Data shown ::

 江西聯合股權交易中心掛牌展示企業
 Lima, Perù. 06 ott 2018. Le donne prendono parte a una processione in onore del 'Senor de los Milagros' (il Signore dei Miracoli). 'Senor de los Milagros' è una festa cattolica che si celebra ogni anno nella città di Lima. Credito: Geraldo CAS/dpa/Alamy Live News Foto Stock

--

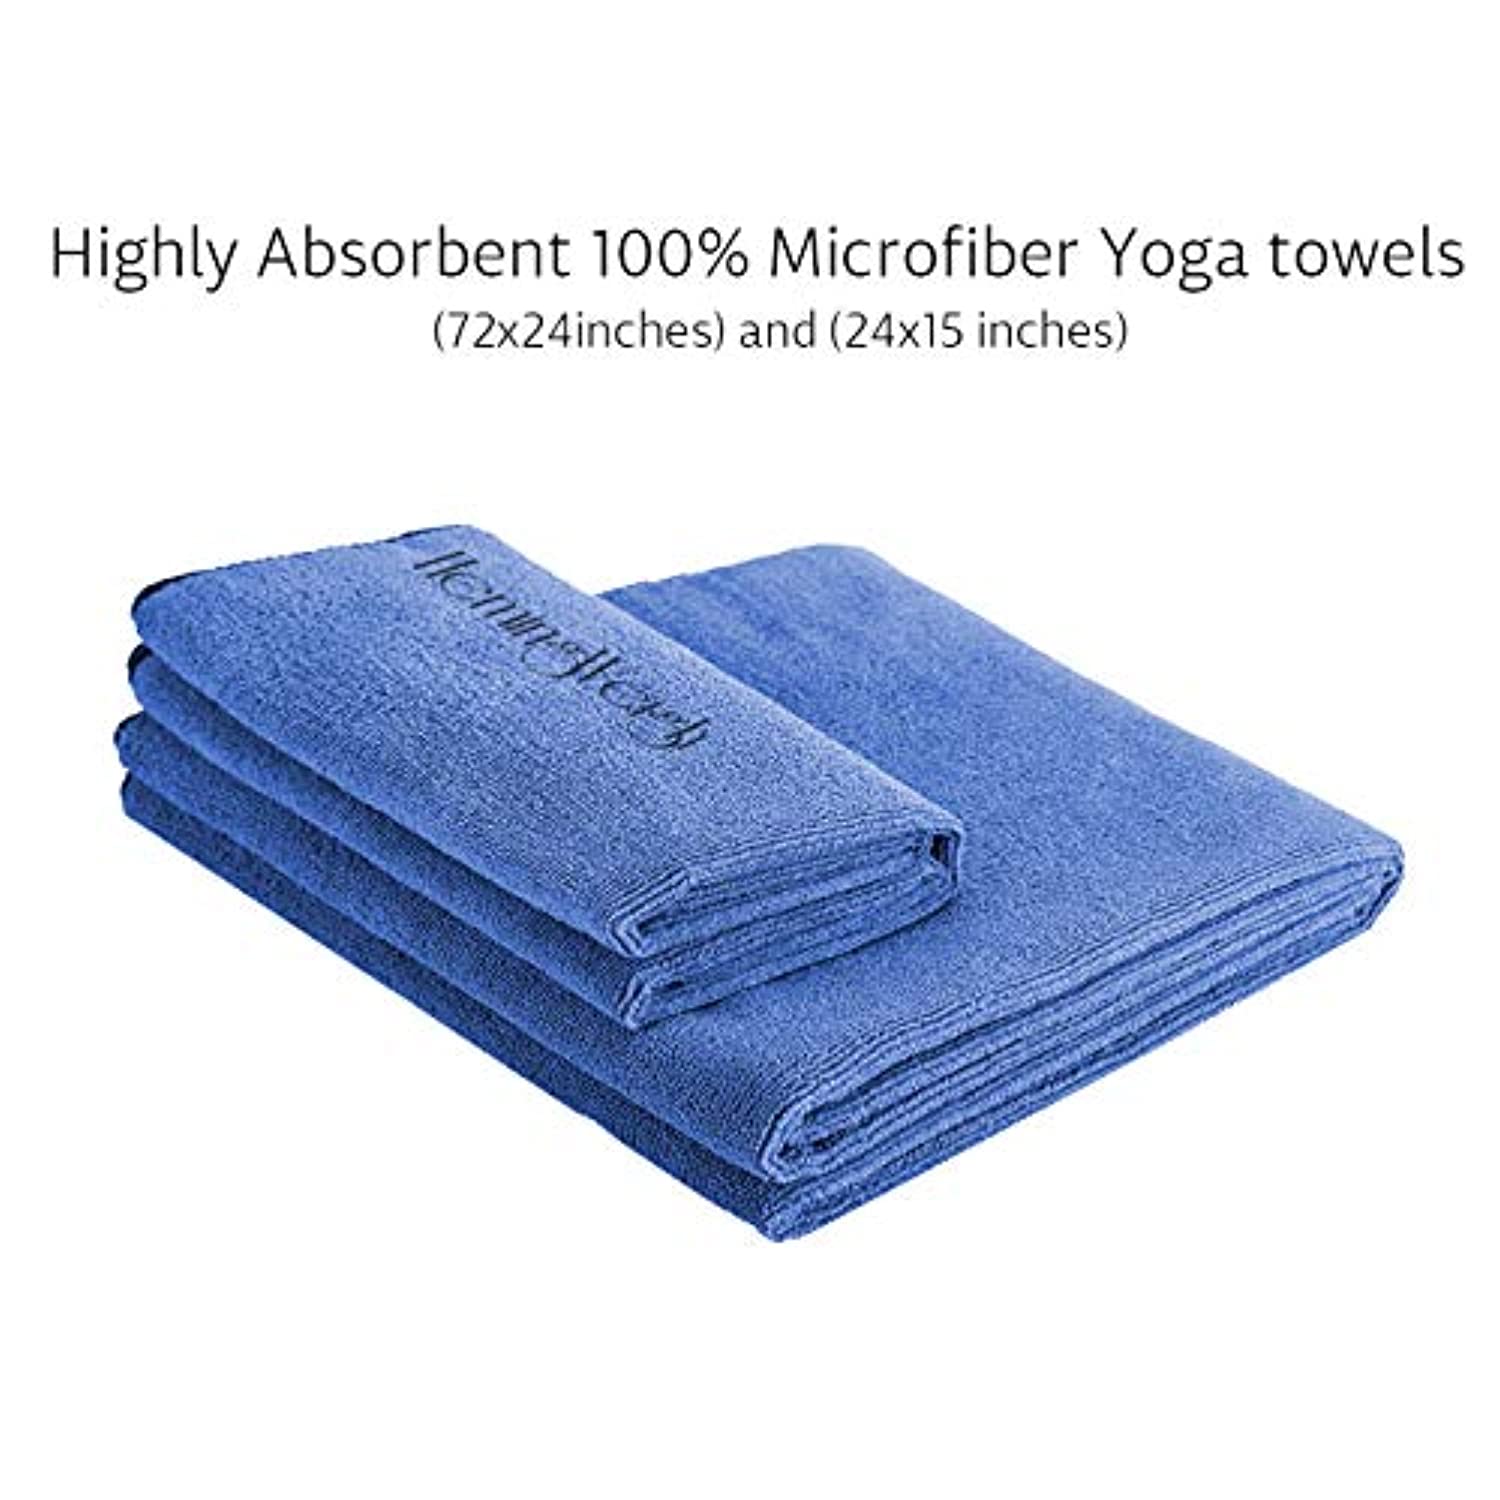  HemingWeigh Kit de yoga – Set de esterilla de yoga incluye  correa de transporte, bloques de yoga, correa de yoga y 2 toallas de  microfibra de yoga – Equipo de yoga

==

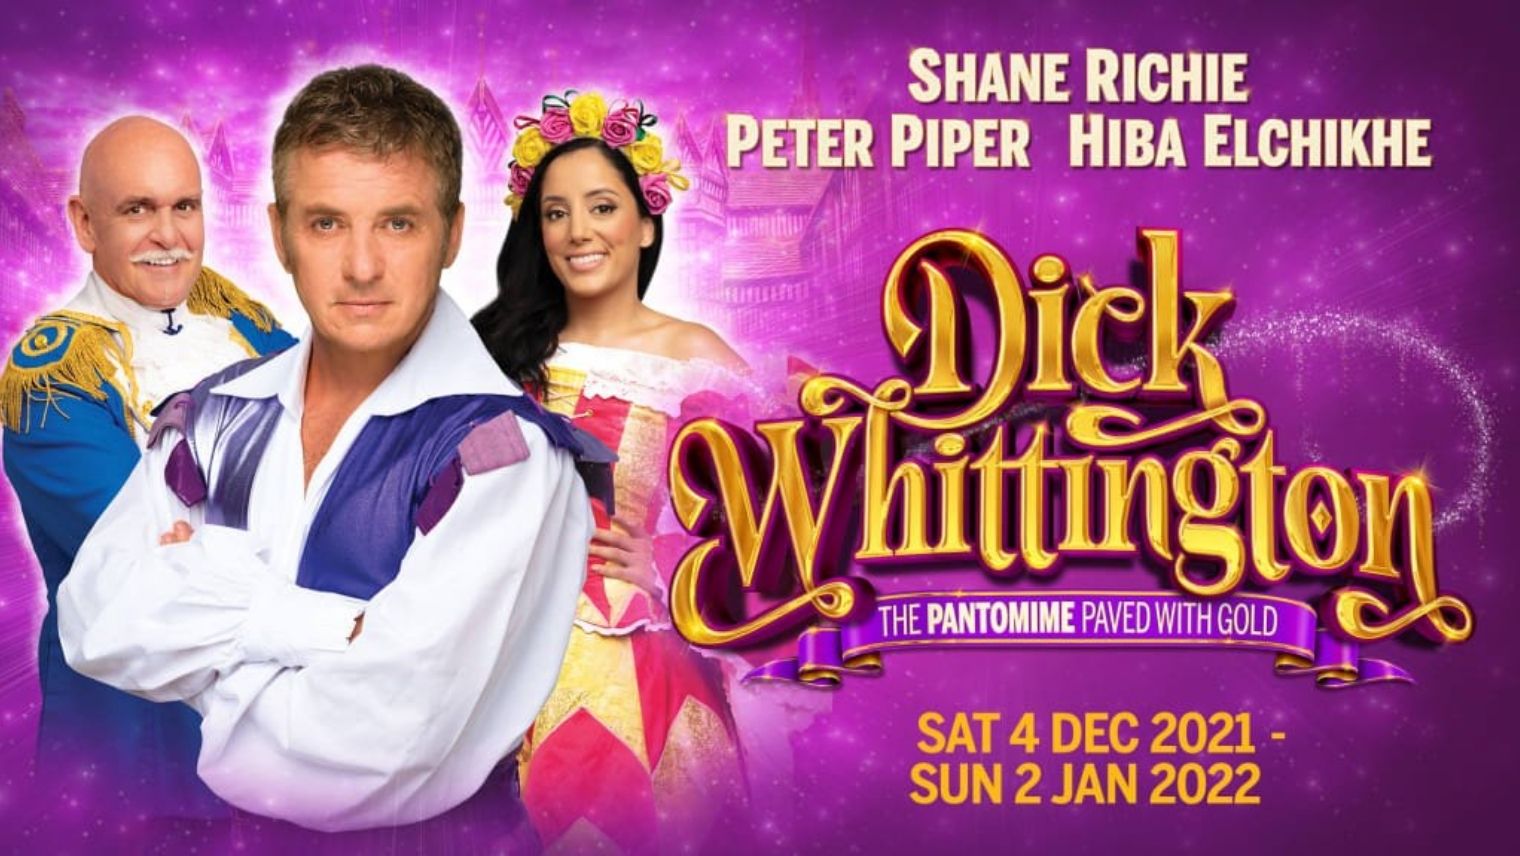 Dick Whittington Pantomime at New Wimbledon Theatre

About this exercise :: Each line in the entries above, starting at the line with "江西聯合股權交易中心掛牌展示企業" and ending at the line with "Lima, Perù. 06", is to be printed exactly, and only those lines.

Task result ::
 江西聯合股權交易中心掛牌展示企業
 Lima, Perù. 06 ott 2018. Le donne prendono parte a una processione in onore del 'Senor de los Milagros' (il Signore dei Miracoli). 'Senor de los Milagros' è una festa cattolica che si celebra ogni anno nella città di Lima. Credito: Geraldo CAS/dpa/Alamy Live News Foto Stock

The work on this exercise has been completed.